Tue Aug 10 18:13:34 EDT 2021

On Tue, 10 Aug 2021 at 12:52, Adrin <adrin.jalali at gmail.com> wrote:

>
> Silly question: why not move the other way around, i.e. always modify the
> original data, unless the user does a `copy()`? Is that not more intuitive
> to people?
>
> That's certainly not a silly question :) That's an option as well, and
somewhat related to the "indexing on columns always gives a view" mentioned
by Brock above.

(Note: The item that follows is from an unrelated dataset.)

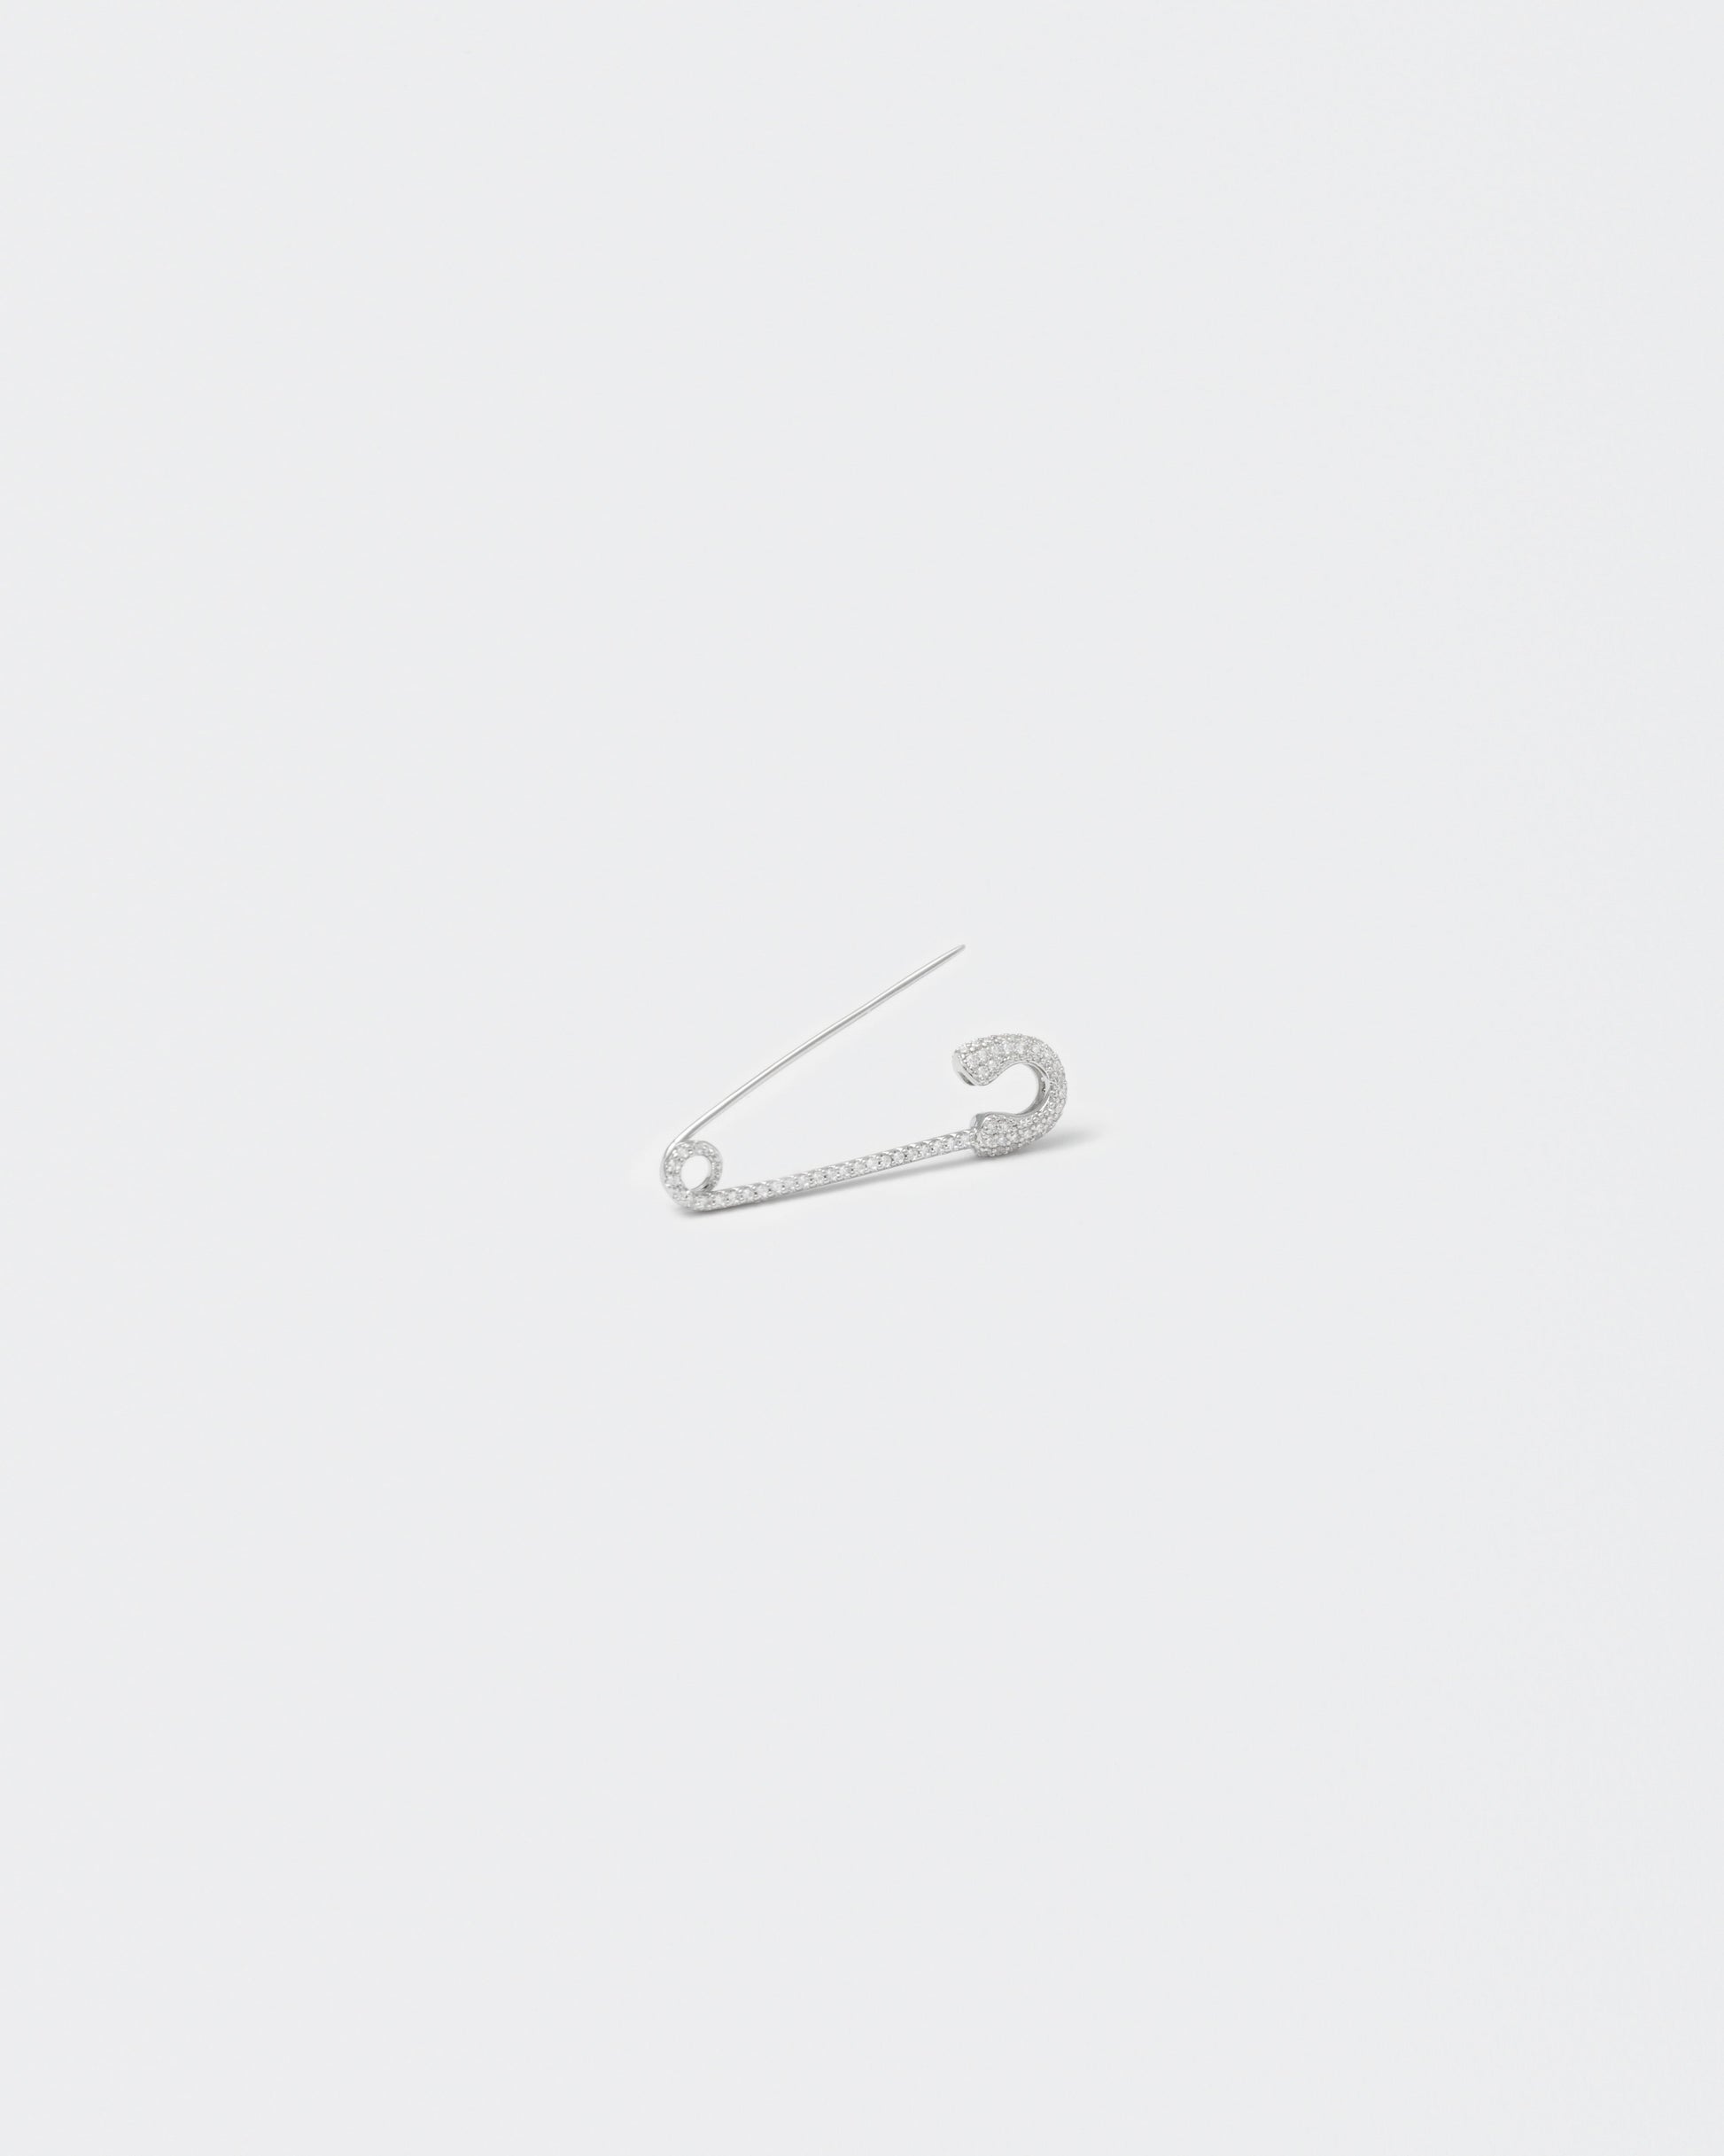 18k white gold coated safety pin mono earring with all-around hand-set micropavé stones in white

The alternatives section in the google doc
<https://docs.google.com/document/d/1ZCQ9mx3LBMy-nhwRl33_jgcvWo9IWdEfxDNQ2thyTb0/edit#heading=h.5lz2xdiax72i>
also mentions a few reasons to prefer copy-on-write IMO. Some points on
this:

1) First, we can't "always modify the original data", since that is only
possible when we have a view of the original data. That might be obvious
for someone (like you and me) familiar with numpy, but if you don't have
this background, that's not necessarily the case (I am not sure numpy's
copy/view rules are necessarily intuitive, unless you are familiar with
memory layout).
So we still need some rules. The selection of columns can always be a view,
as proposed by Brock. But someone should then make a more complete proposal
for how to handle row selection: always copy, or follow numpy rules? (i.e.
basically a slice is a view, otherwise a copy)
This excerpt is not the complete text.